### Task directions
Reproduce the data below in full and to the letter, images excepted.

### Given data
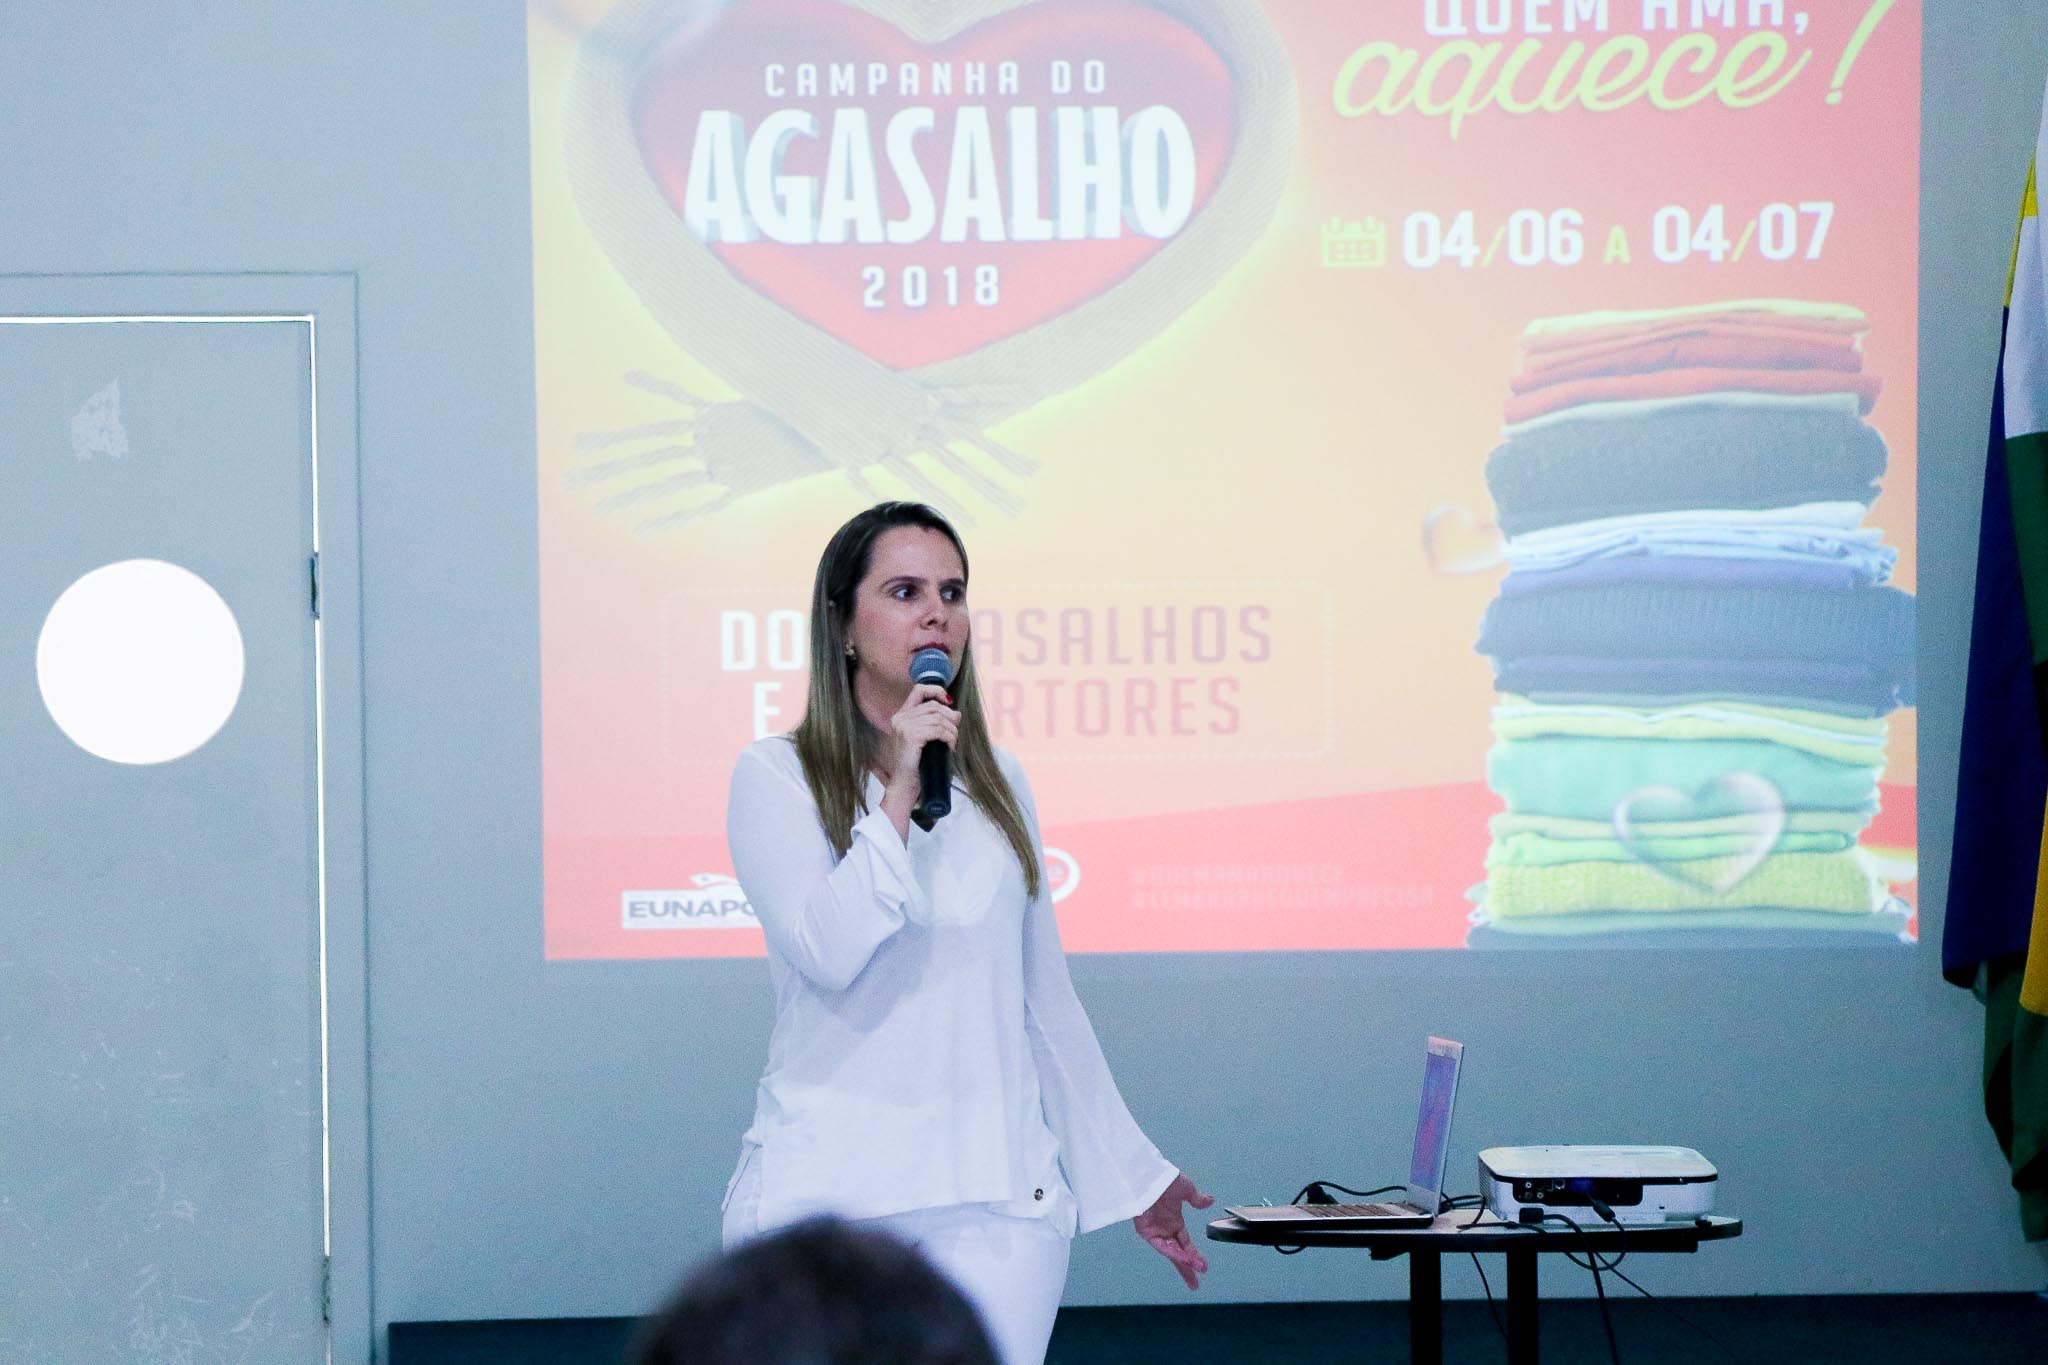 Assistência Social lança Campanha do Agasalho 2018 em Eunápolis 5
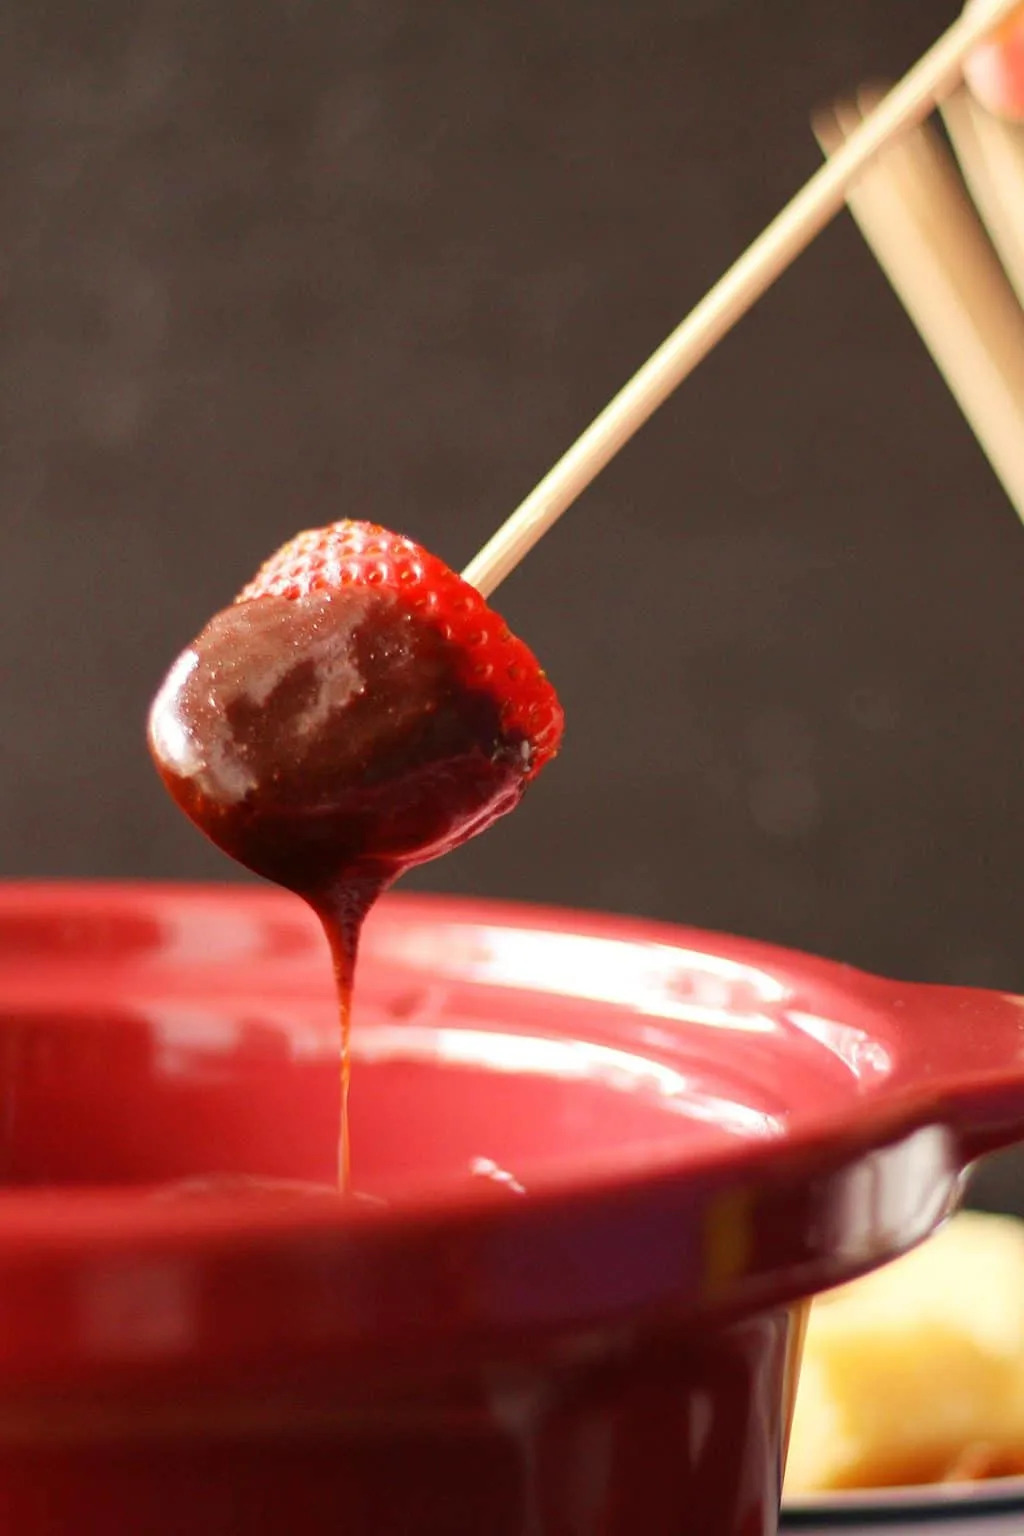 https://www.honeyandbirch.com/wp-content/uploads/2014/02/slow-cooker-chocolate-fondue-8.jpg.webp
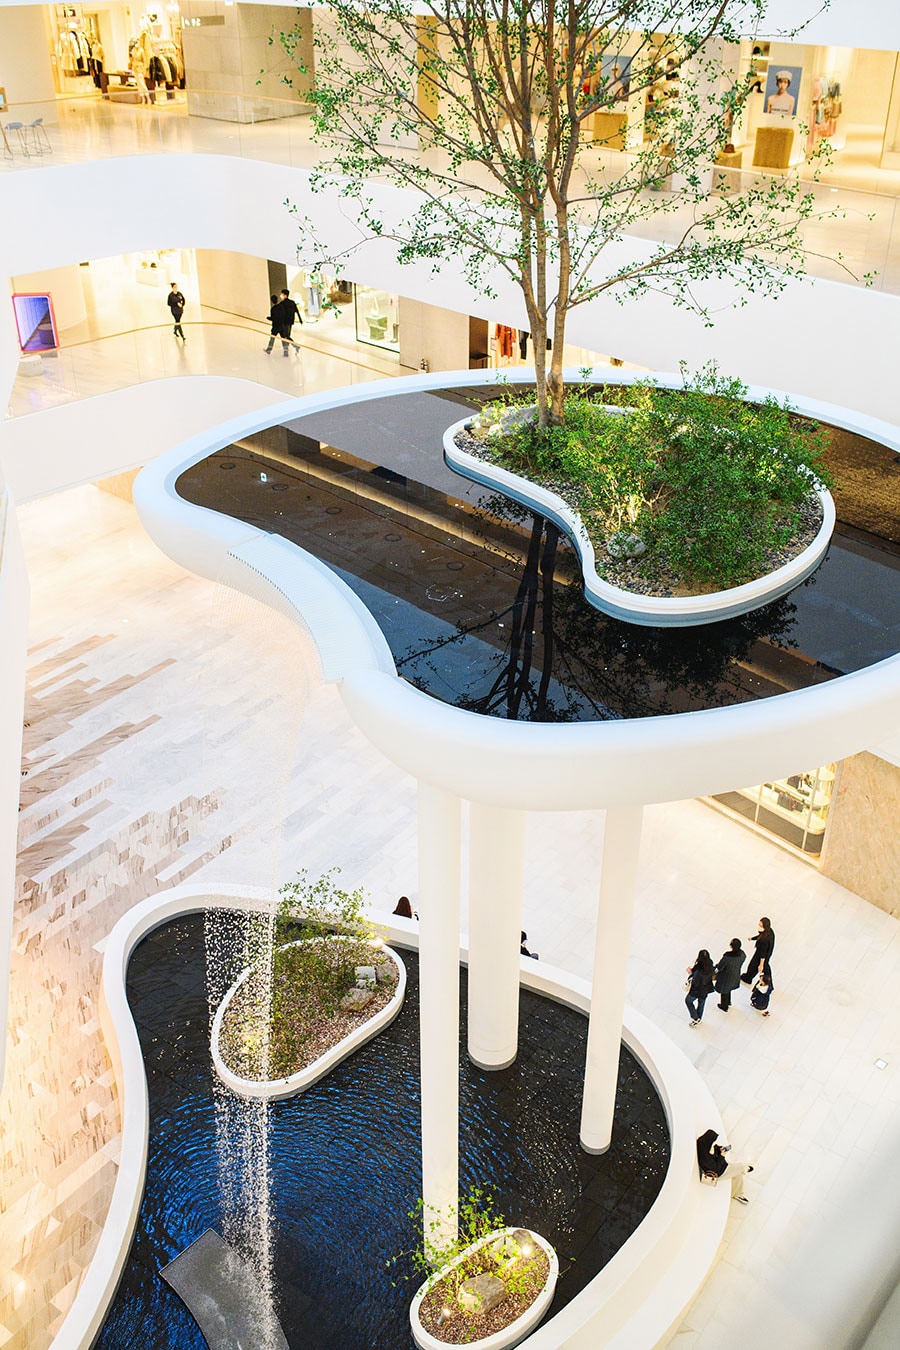 建物面積のうち半分がボタニカル空間という、百貨店のイメージを覆した設計。写真は滝が流れるアイコンスポットのウォーターフォール・ガーデン。©榎本麻美
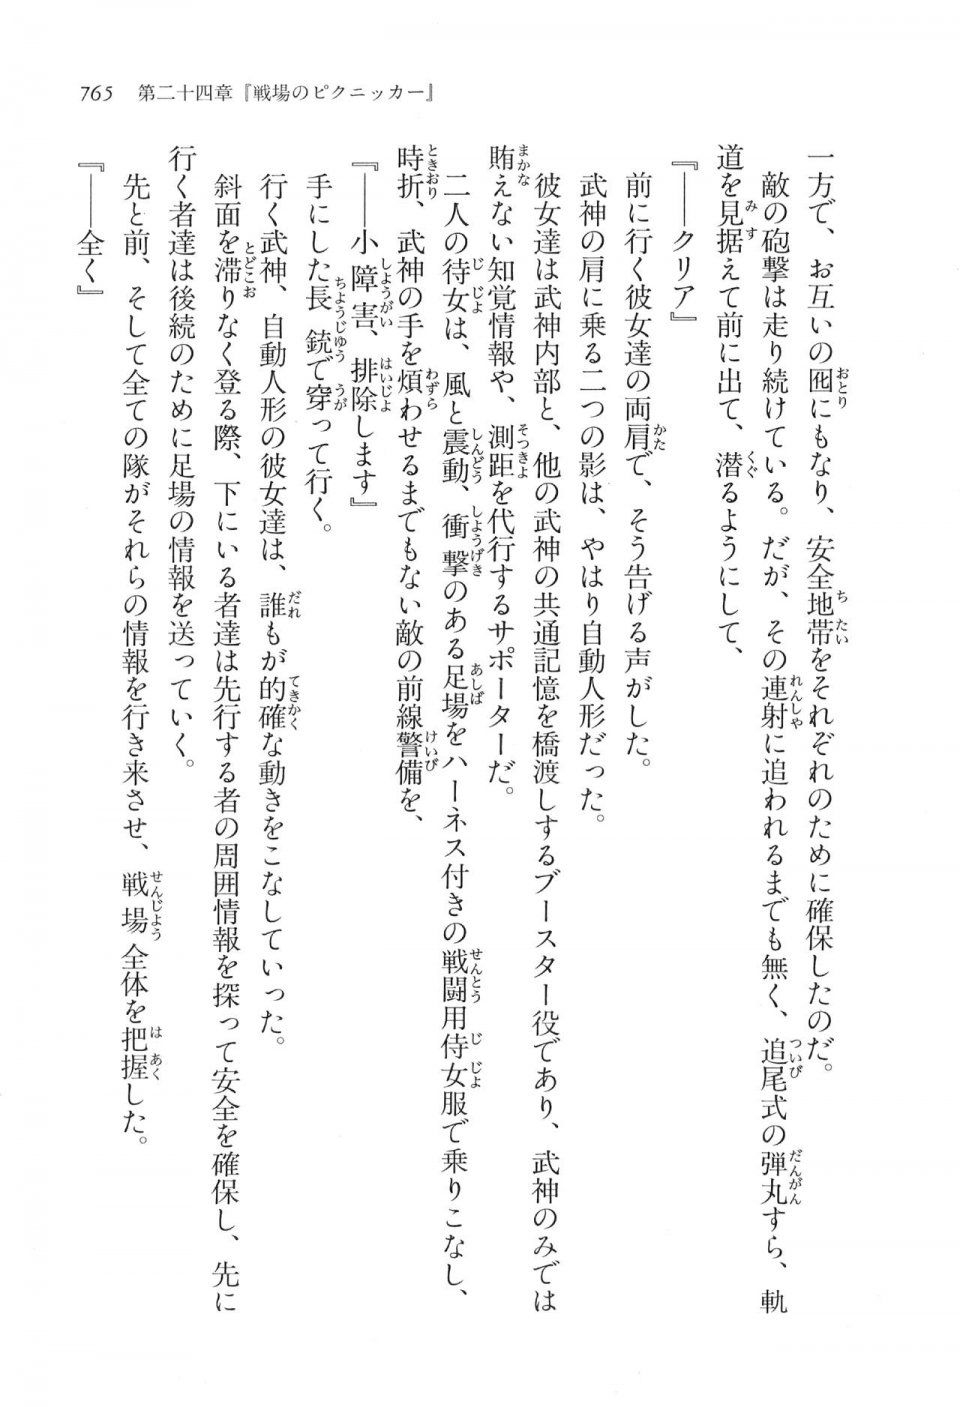 Kyoukai Senjou no Horizon LN Vol 16(7A) - Photo #765

### Finished task
 Assistência Social lança Campanha do Agasalho 2018 em Eunápolis 5
 https://www.honeyandbirch.com/wp-content/uploads/2014/02/slow-cooker-chocolate-fondue-8.jpg.webp
 建物面積のうち半分がボタニカル空間という、百貨店のイメージを覆した設計。写真は滝が流れるアイコンスポットのウォーターフォール・ガーデン。©榎本麻美
 Kyoukai Senjou no Horizon LN Vol 16(7A) - Photo #765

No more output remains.